Carter takes on school crowding Superintendent may recommend redistricting

December 02, 1992|By Monica Norton | Monica Norton,Staff Writer

Anne Arundel County schools are crowded, many bursting at the seams. That, no one disputes.

But the best way to alleviate overcrowding is a matter of opinion.

Today, school Superintendent C. Berry Carter II is expected to make his recommendation for solving the problem by redrawing the attendance boundaries of three county high schools and their feeder systems.

But others have different ideas.

"Build a new school," a parent shouted at one community meeting.

Both parents and school officials want more schools, but state money for school construction decreases each year.

"We need money for additional relocatables," school officials tell County Council members, as enrollment climbs and space in classrooms decreases.

Relocatables, or portable classrooms, are supposed to provide only temporary relief.

Many people complain that schools are beginning to look like trailer parks, as 10 or more relocatables become permanent fixtures on school grounds.

When there's no money to build new schools or add on to existing ones, and when portable classrooms no longer provide relief, school systems turn to redistricting.

The Board of Education is considering realigning school attendance boundaries in Northeast, Annapolis and the Meade area.

But redistricting does not go over well with parents.

As Mr.
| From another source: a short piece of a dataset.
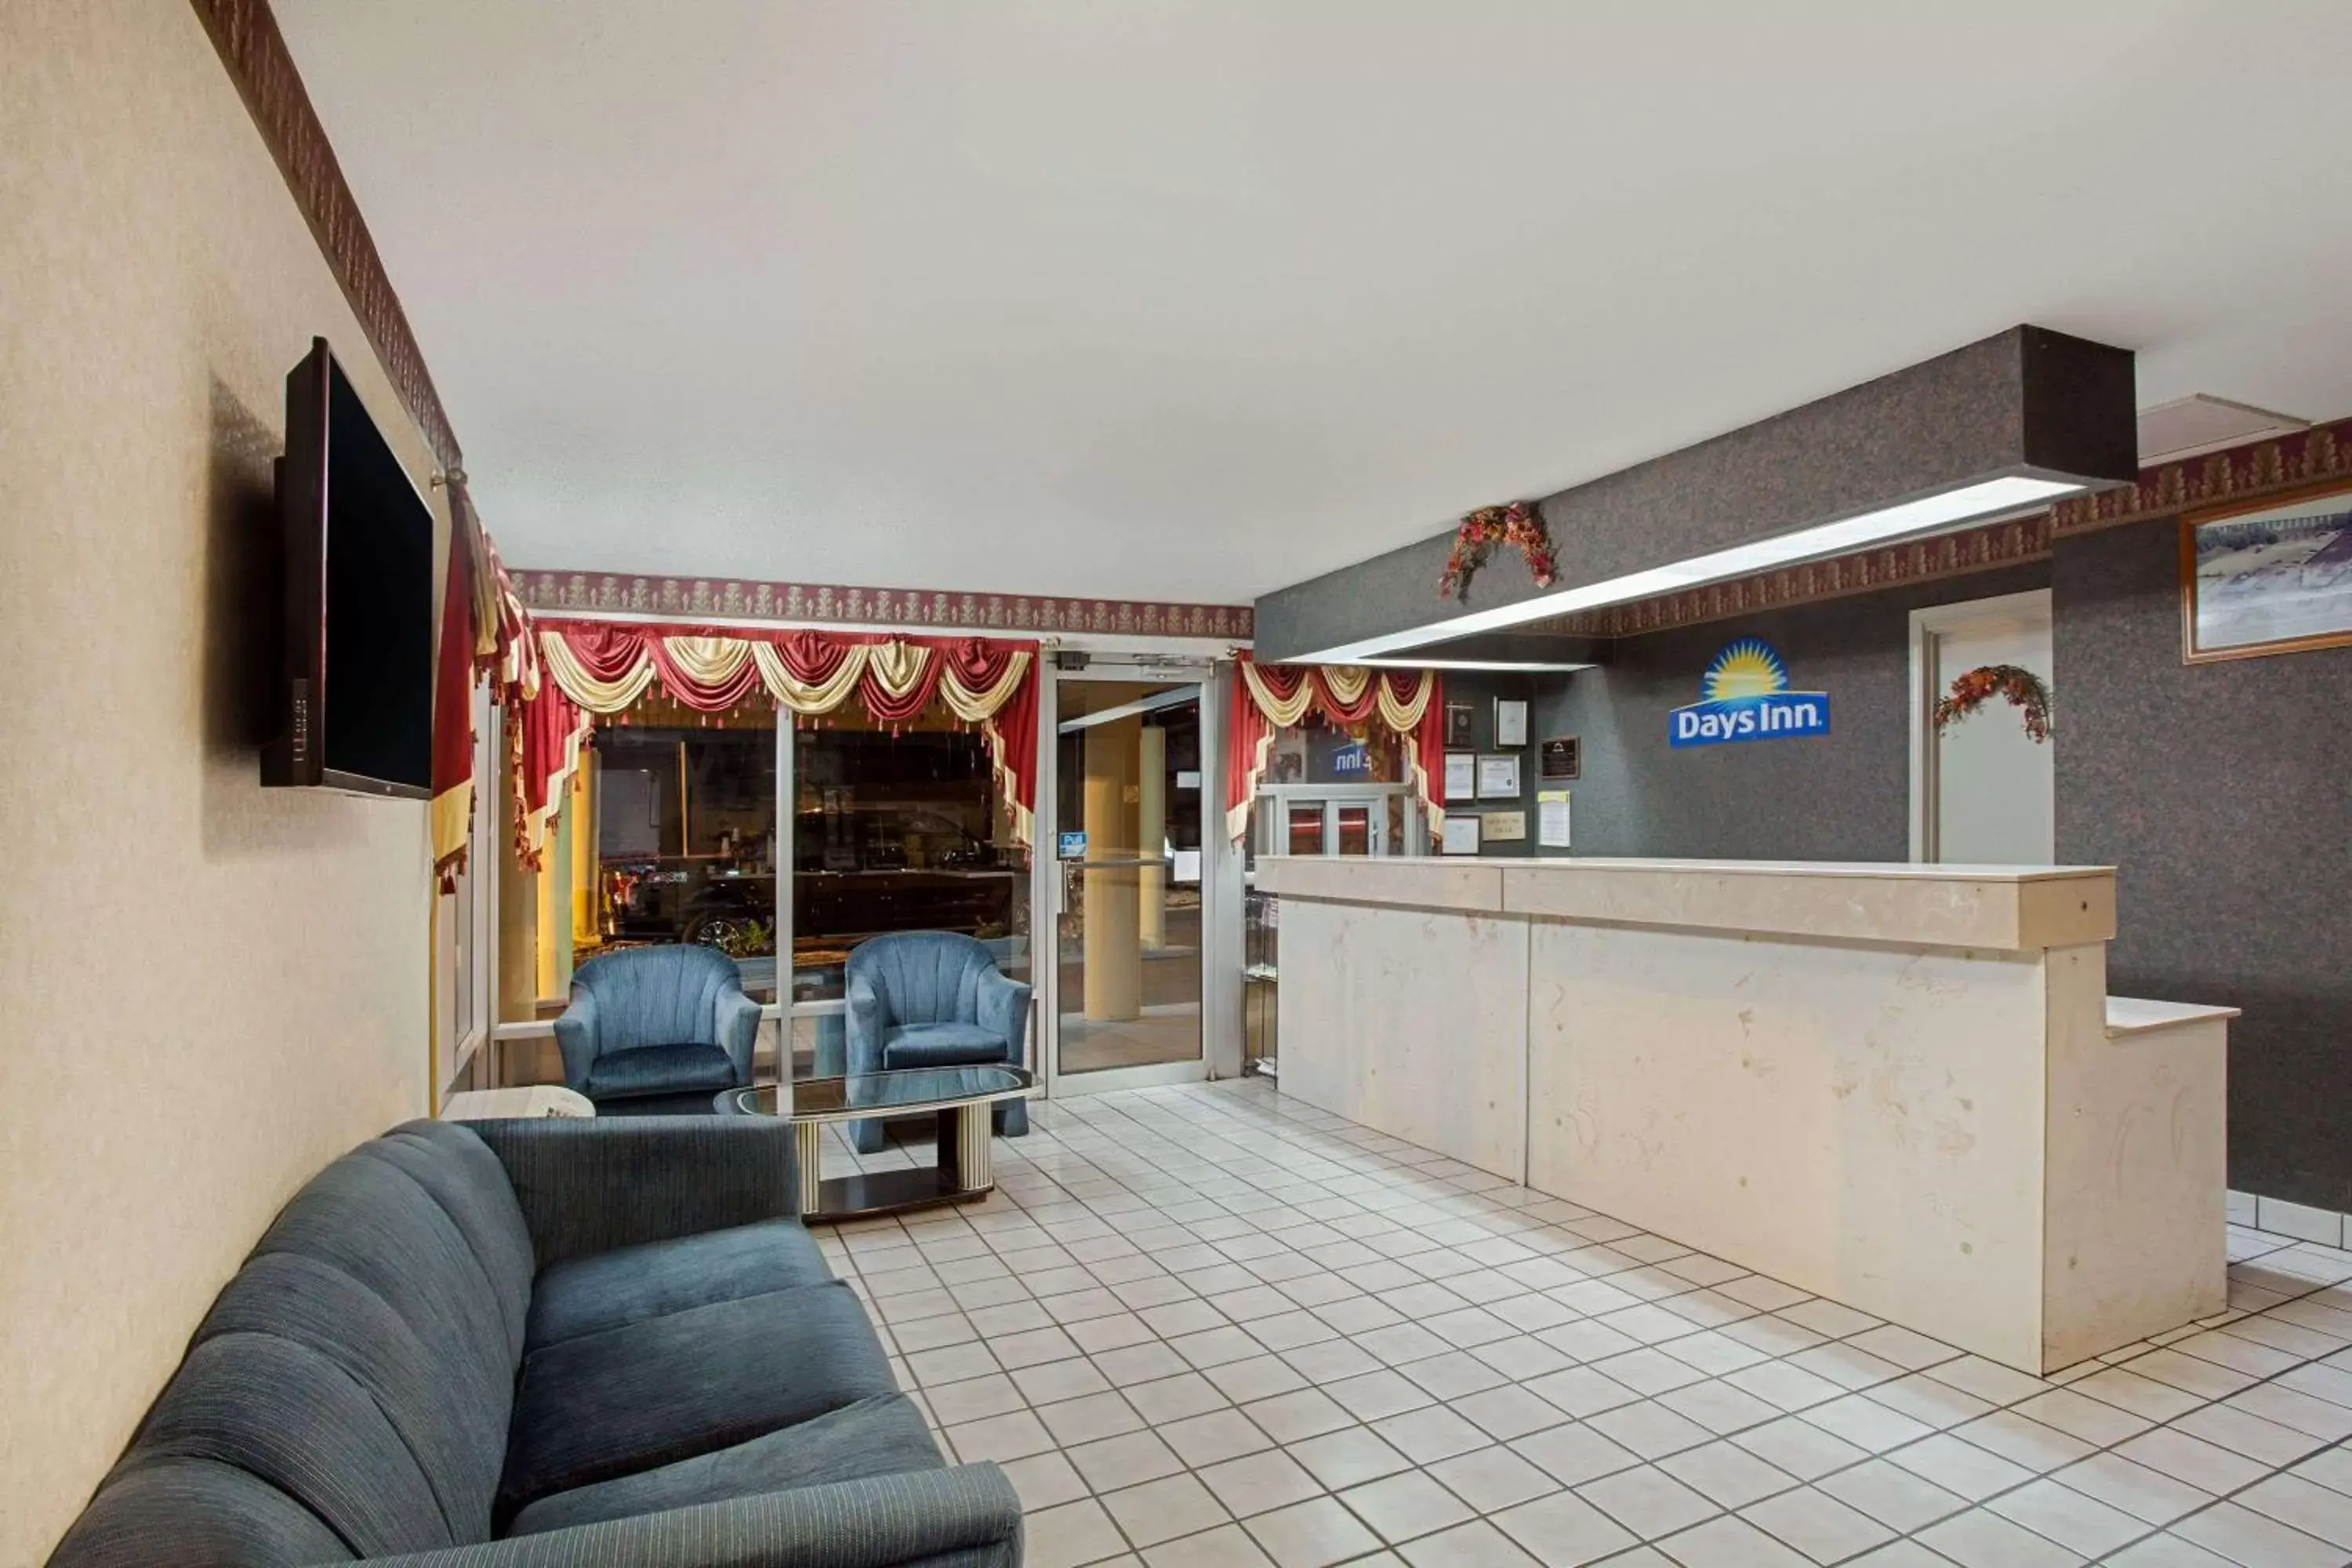 Lobby or reception, Lobby/Reception in Days Inn by Wyndham Greeneville

Carter said earlier this year, redistricting proposals have led to community protests as stormy as if "we were asking these kids to go to school in Siberia."

This school year has been no different.

The board will have public hearings during the coming months, with a final decision on redistricting to be made in April.

Also at today's meeting, set for 9 a.m. at its headquarters on Riva Road in Annapolis, the board is to take action on a proposal to shorten and make more efficient its twice-monthly meetings.

Board members and parents have complained about the structure and length of the meetings, many of which have run into the morning hours. The board is considering:

* Limiting the number of agenda items.

* Scheduling controversial items, for which large crowds are expected, at day meetings.

* Holding executive sessions, from which the public is excluded, before board meetings, during lunch breaks or after meetings.

* Using a timer to cut off individual and group testimony.

* Encouraging audience members to show their support by standing instead of giving repetitive testimony.

* Encouraging board members to limit their comments to questions rather than speeches.

* Concluding night meetings no later than 11 p.m. and day meetings no later than 5 p.m., unless four members of the board vote to continue.